ELECTRA introduces a GAN-like learning task by replacing the MLM task with a REPLACED token-detection task. It replaces tokens instead of masks by sampling from a small generator network. The reconstructed sentences are sent to a discriminator network to determine if they have been replaced by a generator. Compared with Roberta and XLNet models, ELECTRA achieves comparable results with less than 1/4 of the computation.
The parameters and hyperparameters are set as follows. The padding size is set to 64 because the average length of the dataset is 46.7. To improve the accuracy of the model, this work increases the length of sequences that can be processed by deep learning as much as possible within the machine’s allowable limits. The batch size is set to 128 to fully utilize the GPU performance. For deep learning algorithms, the optimizer chooses Adam, with a learning rate = 1 × 10 3 , and the hidden layer neurons are set to 128 dimensions. For pre-training language model, the optimizer chooses AdamW, with a learning rate = 5 × 10 5 , and the base version is used. The dropout rate was set to 0.1 and the early stop mechanism is set to avoid overfitting. The training stops when the loss no longer decreases for 1000 iterations.
The experimental environment is as follows: CPU: 12 vCPU Intel(R) Xeon(R) Platinum 8255C CPU @ 2.50 GHz. RAM: 43 GB. GPU: RTX 3090(24 GB) * 1.

4.3. Ablation Study

In addition, this research conducts ablation experiments to design a hybrid model of XLNet with TextCNN, LSTM, GRU, and Bi-GRU, respectively, to observe their performance in cyberbullying detection and the impact of increasing the number of recurrent neural network layers. The results are shown in Table 3.

5. Results and Discussion

In this research, we use precision, recall and F1-score as evaluation metrics to assess the performance of cyberbullying detection methods in a Chinese experimental setting. The problem of model bias caused by oversampling or down-sampling methods due to data imbalance is avoided. To ensure the reliability of the results, each method is run multiple times. In view of the instability of some models, the average value of the evaluation metrics that were repeated five times was used as the final result.
Table 4 shows the results of traditional machine learning methods for Chinese cyberbullying detection.
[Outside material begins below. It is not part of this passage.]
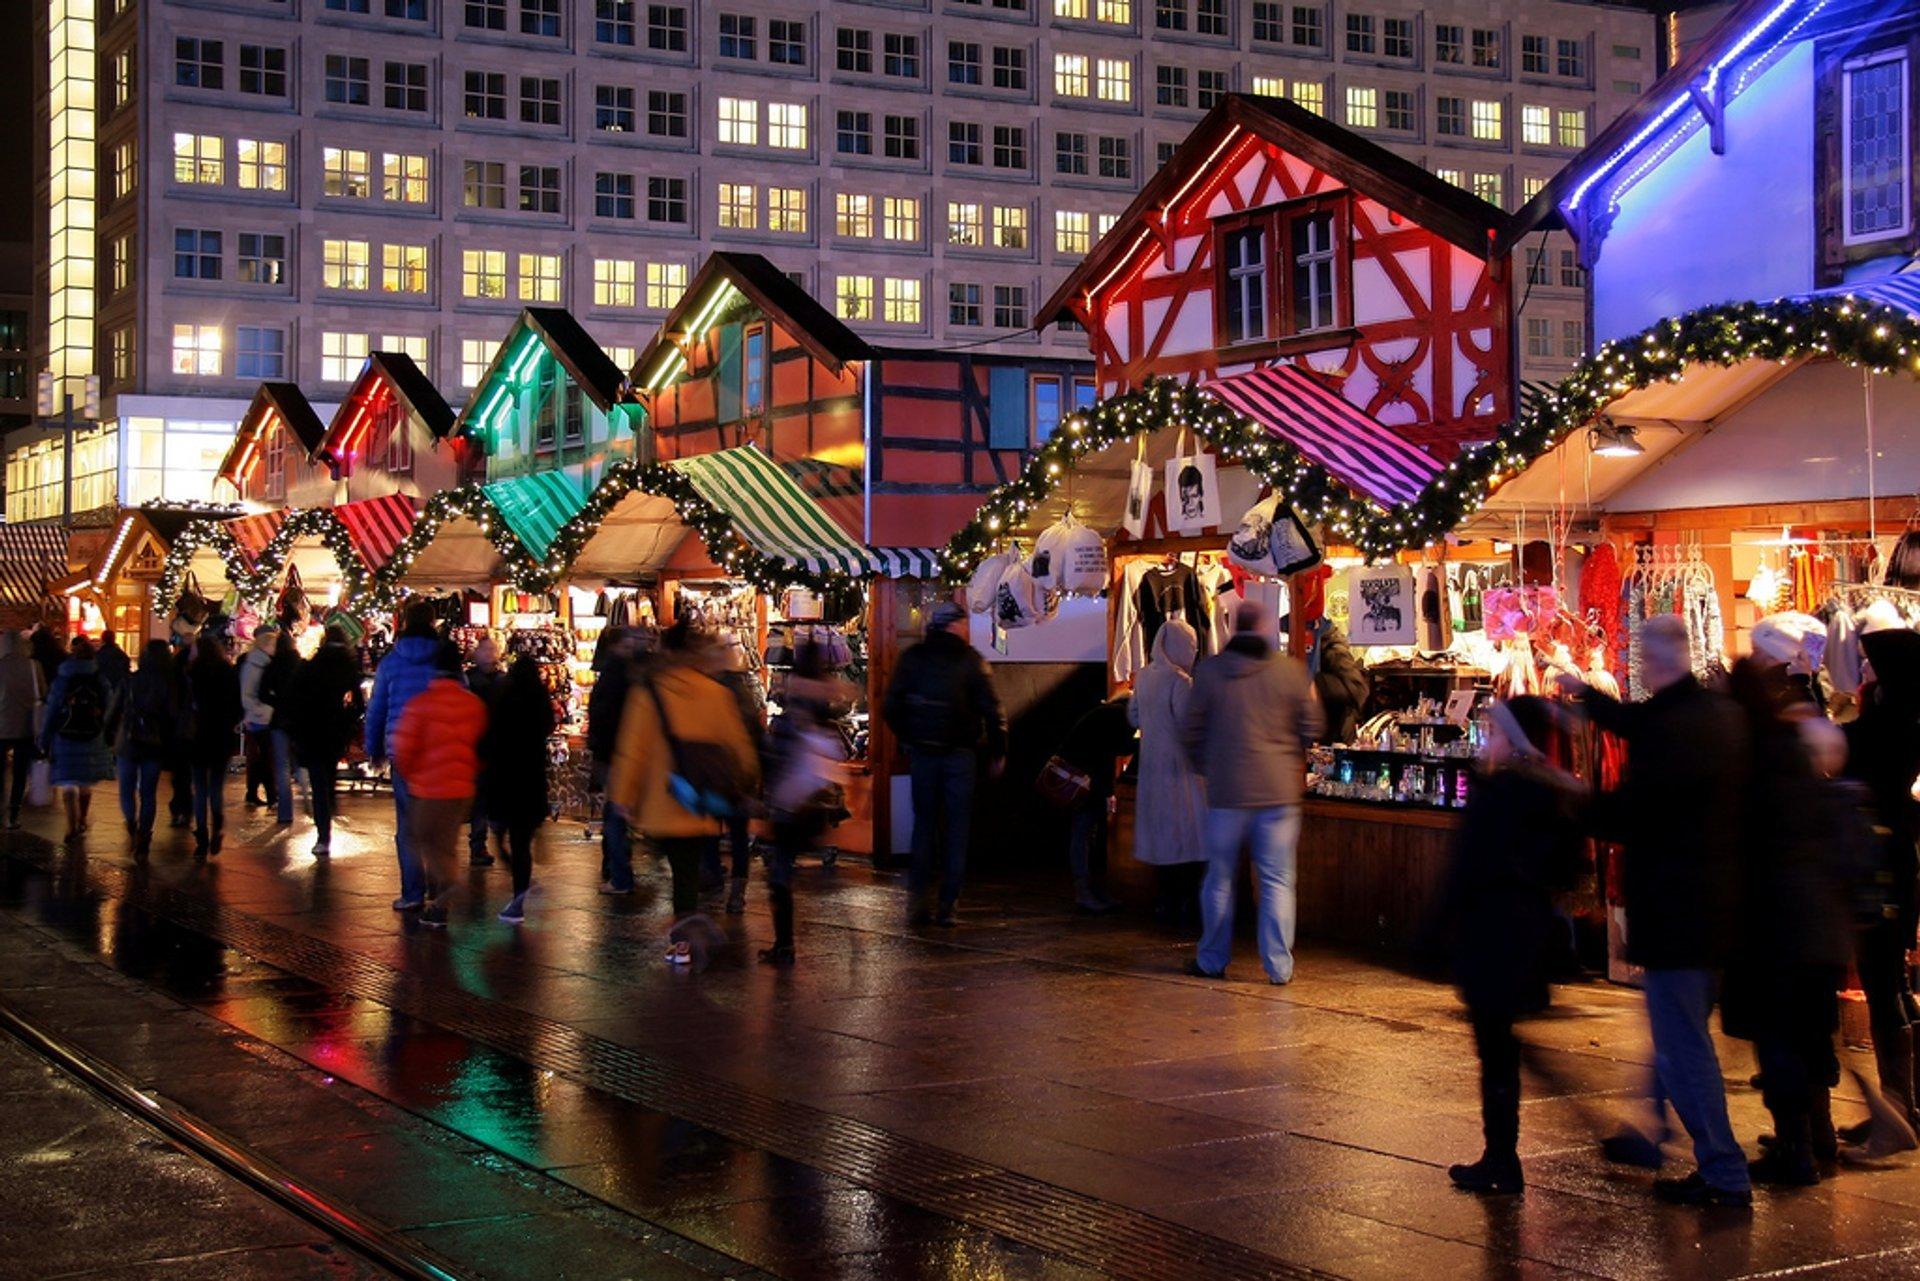 Berlin Christmas Market 2019 Christmas Markets 2019 2020 in Berlin   Dates & Map

For the cyberbullying and non-cyberbullying categories, the SVM method achieves the highest F1-score values of 0.8623 and 0.8595, respectively, which exceeds other traditional machine learning algorithms. It can be seen that SVM can achieve better performance on text classification tasks.
Table 5 shows the results of deep learning methods for Chinese cyberbullying detection. The F1-scores of the deep learning methods used in this work outperform the traditional machine learning methods in Table 4 except for RNN. GRU achieves the highest F1-score in both cyberbullying and non-cyberbullying categories, and achieves the best performance among the deep learning methods. RNN performs poorly, most likely due to the problem of vanishing gradient, but GRU and LSTM solve this problem well. TextCNN also has a good performance, failing to surpass GRU but with very close results. It is worth noting that the addition of bi-directionality does not increase the performance of GRU and LSTM, but rather decreases their performance. This shows that bi-directionality does not improve the performance of the model in all cases.
Table 6 shows the results of the pre-trained language models for Chinese cyberbullying detection. The F1-scores of the pre-trained models used in this work outperform the deep learning methods in Table 5, except for ALBERT. To improve the model performance, these pre-trained language models are either tuned in parameters, or improved from mask strategy, network structure, or considering linguistic knowledge and using a larger corpus in the pre-training task. Although both ELECTRA and MacBERT take some approach to eliminate the discrepancy of pre-training and fine-tuning, neither of them outperform XLNet in weighted average F1-score in Chinese cyberbullying detection. The performance of the base version of the lightweight ALBERT model is suboptimal. To achieve improved detection results, it is recommended to utilize the large version. The weighted F1-score of all compared methods is shown in Figure 4.
Table 3 shows the results of the ablation studies. On one hand, TextCNN, LSTM, GRU and Bi-GRU are used to replace Bi-LSTM. On the other hand, the number of layers of the bidirectional recurrent neural network is deepened to observe the performance of the detection model. The results show that the proposed hybrid model achieves the best performance at a layer number of four for Bi-LSTM, outperforming all baselines. As shown in Figure 5, to some extent, the performance of the model can become better as the number of layers of the network is deepened, but it does not lead to a sustained improvement. The performance decreases when the model is too deep.
In summary, the F1-score of the proposed model reaches 90.43% on COLDATASET*. As shown in Figure 6, it improves 4.29% compared to SVM, which is the best performer in traditional machine learning (TML) methods. It improves 1.49% compared to GRU, which is the best performer in deep learning (DL) methods. And there is a 1.13% improvement over BERT. The proposed model further improves on XLNet by 0.57% and outperforms all baseline models on this dataset with good performance.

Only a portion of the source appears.